▸ **What the exercise asks**:
Extract the whole listing as it stands. Do not include the pictures.

━━━━━ Data extract ━━━━━

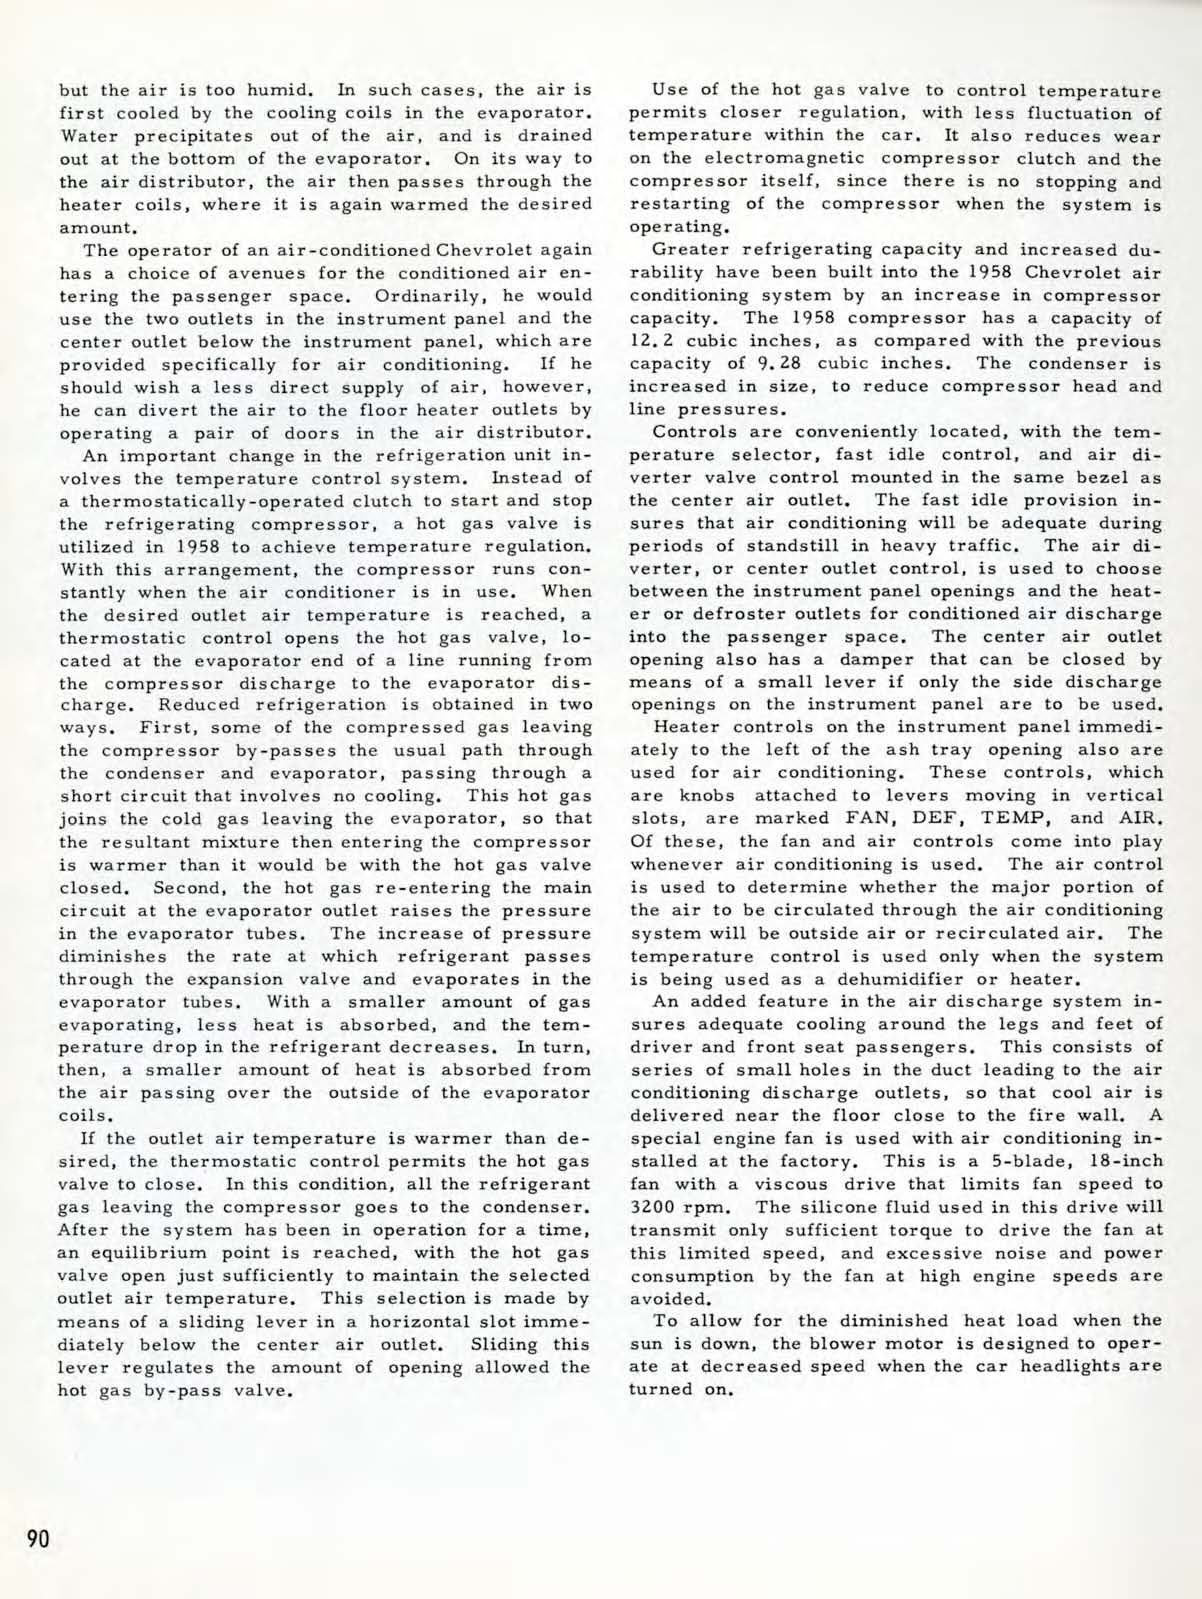 1958_Chevrolet_Engineering_Features-090
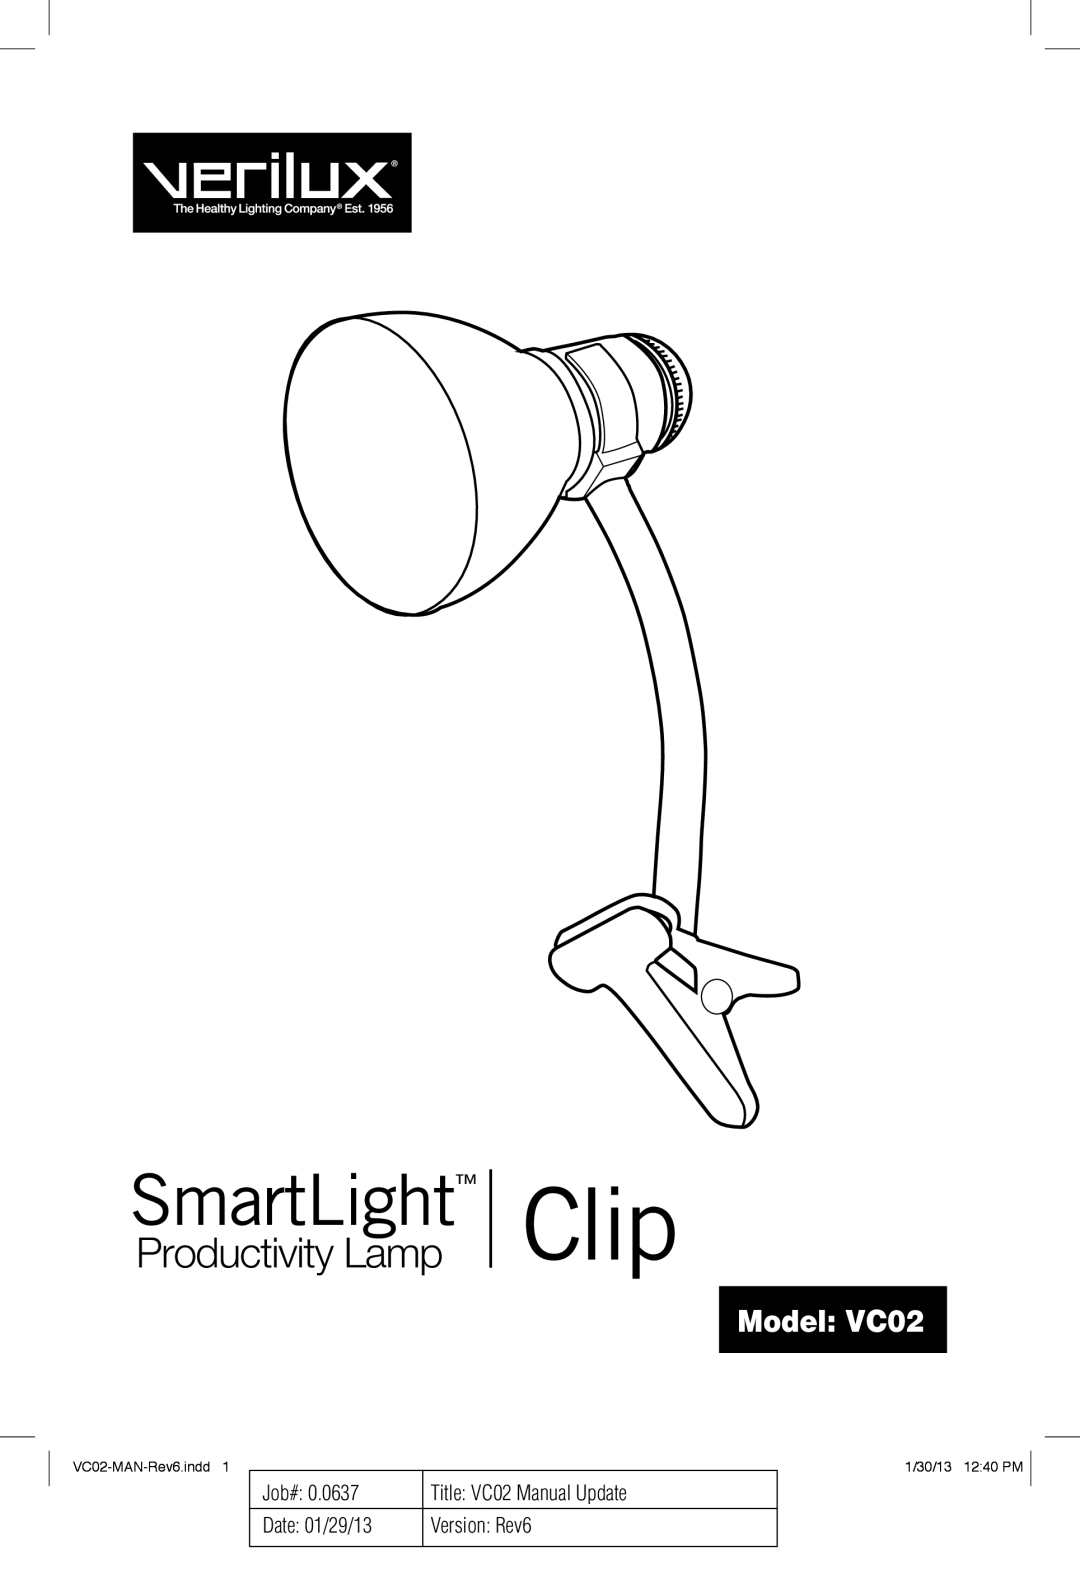 Verilux manual Clip, SmartLight, Productivity Lamp, Model VC02, Job#, Title VC02 Manual Update, Date 01/29/13 
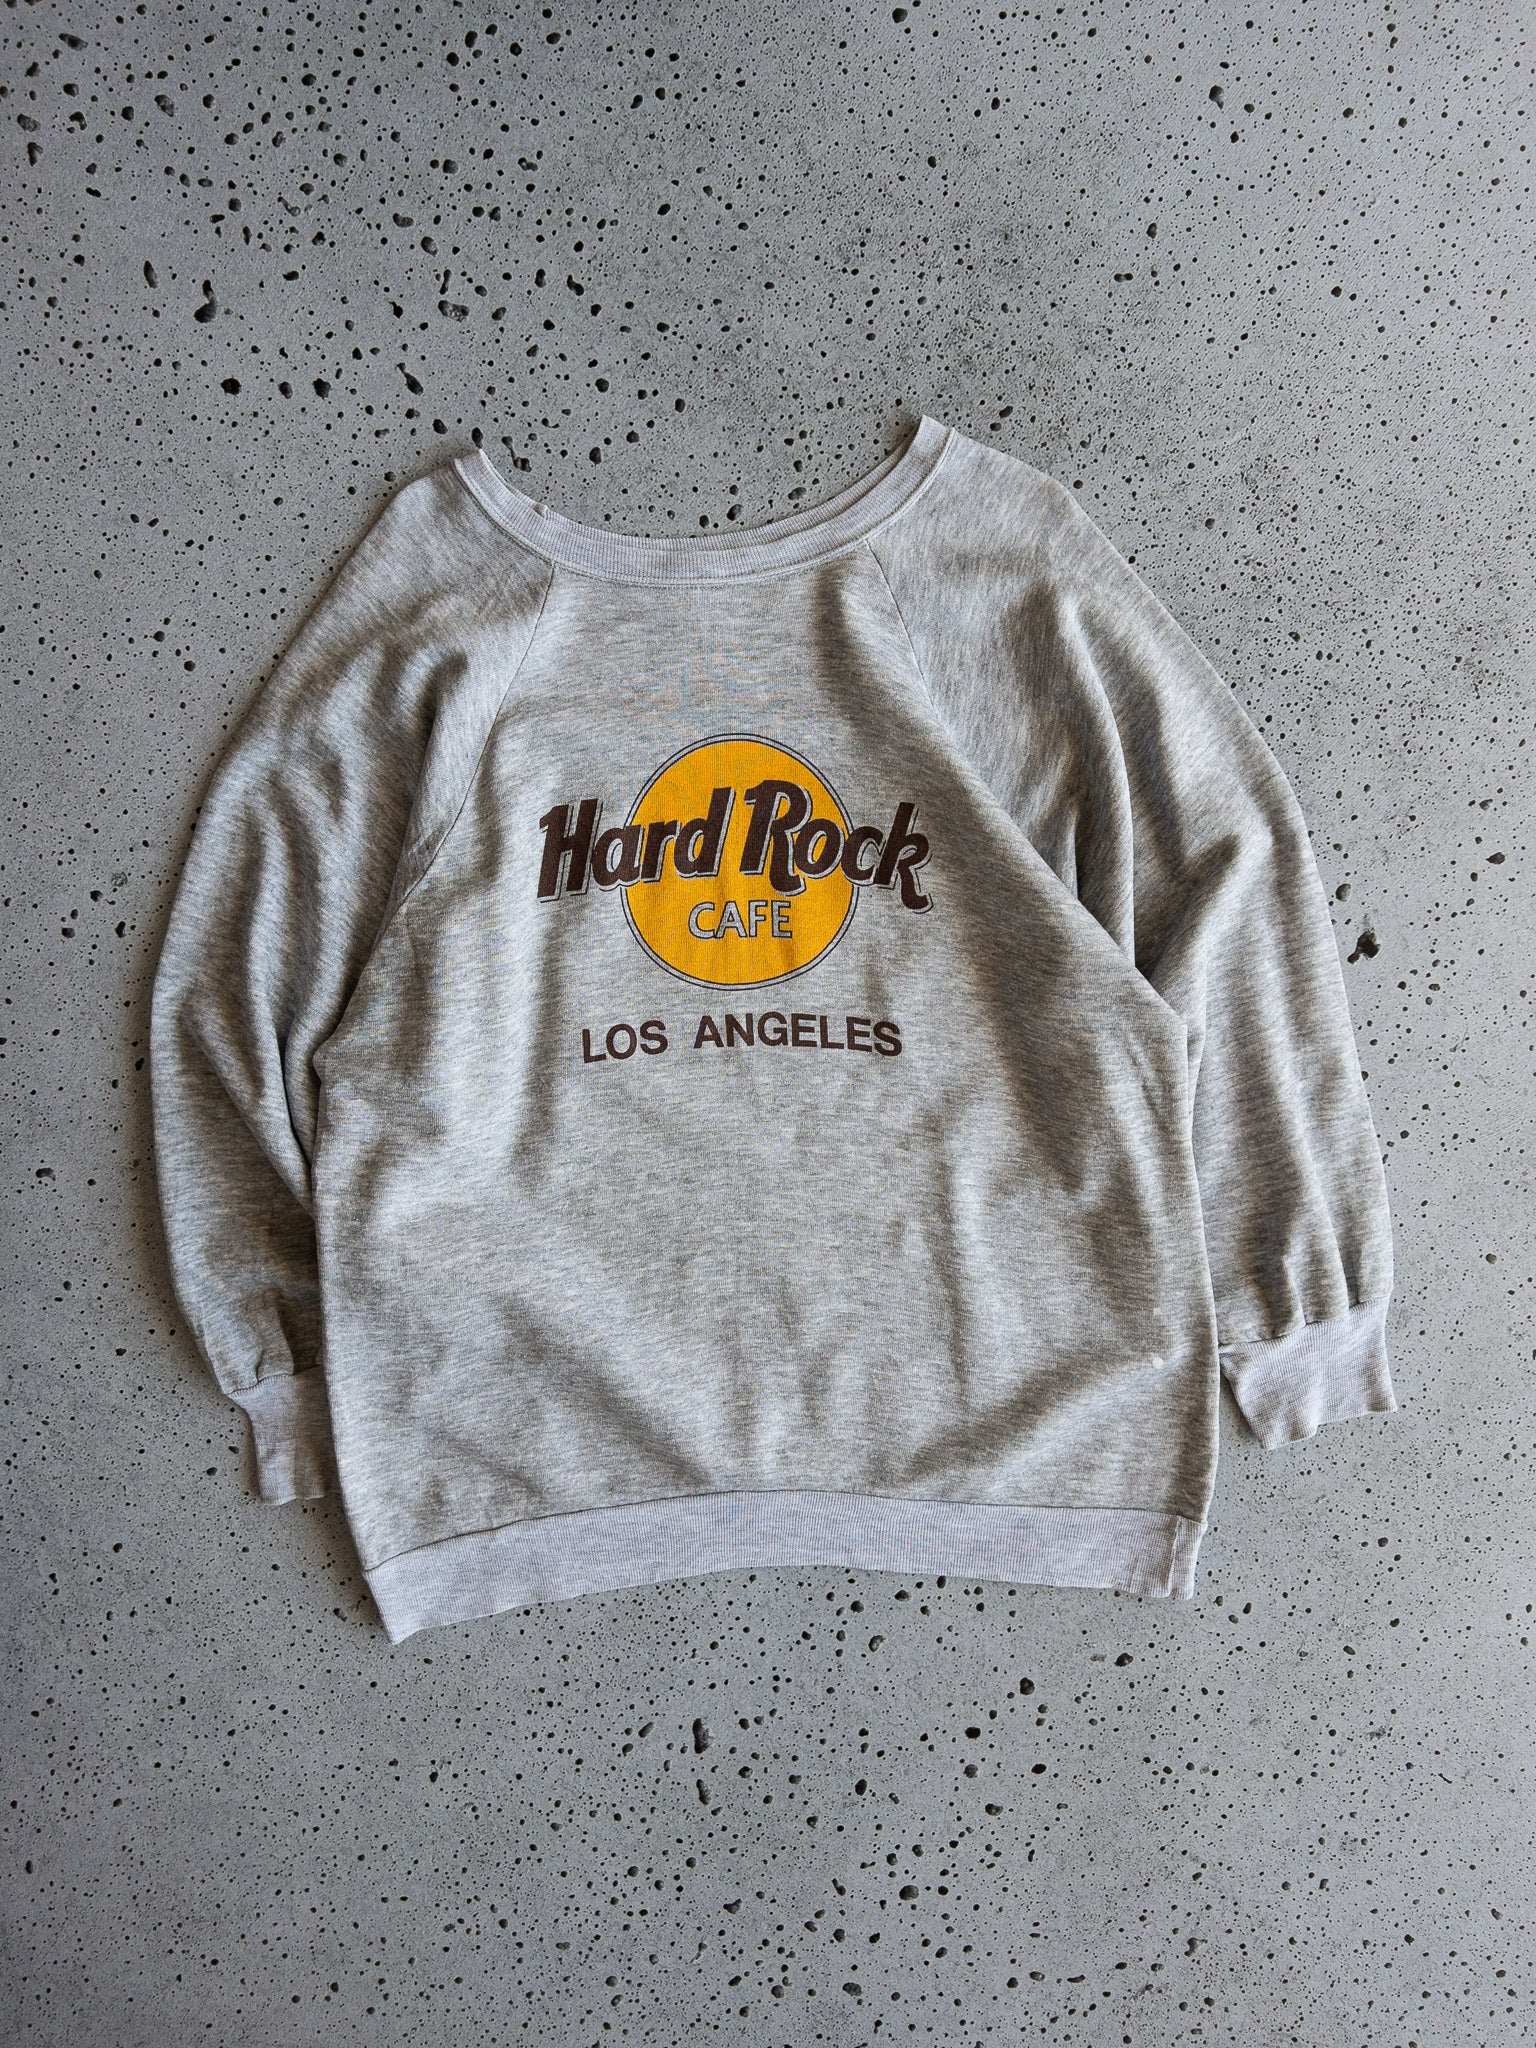 Vintage Hard Rock Cafe LA Sweatshirt (L)

━━━━━

▸ **Written answer**:
 1958_Chevrolet_Engineering_Features-090
 Verilux manual Clip, SmartLight, Productivity Lamp, Model VC02, Job#, Title VC02 Manual Update, Date 01/29/13 
 Vintage Hard Rock Cafe LA Sweatshirt (L)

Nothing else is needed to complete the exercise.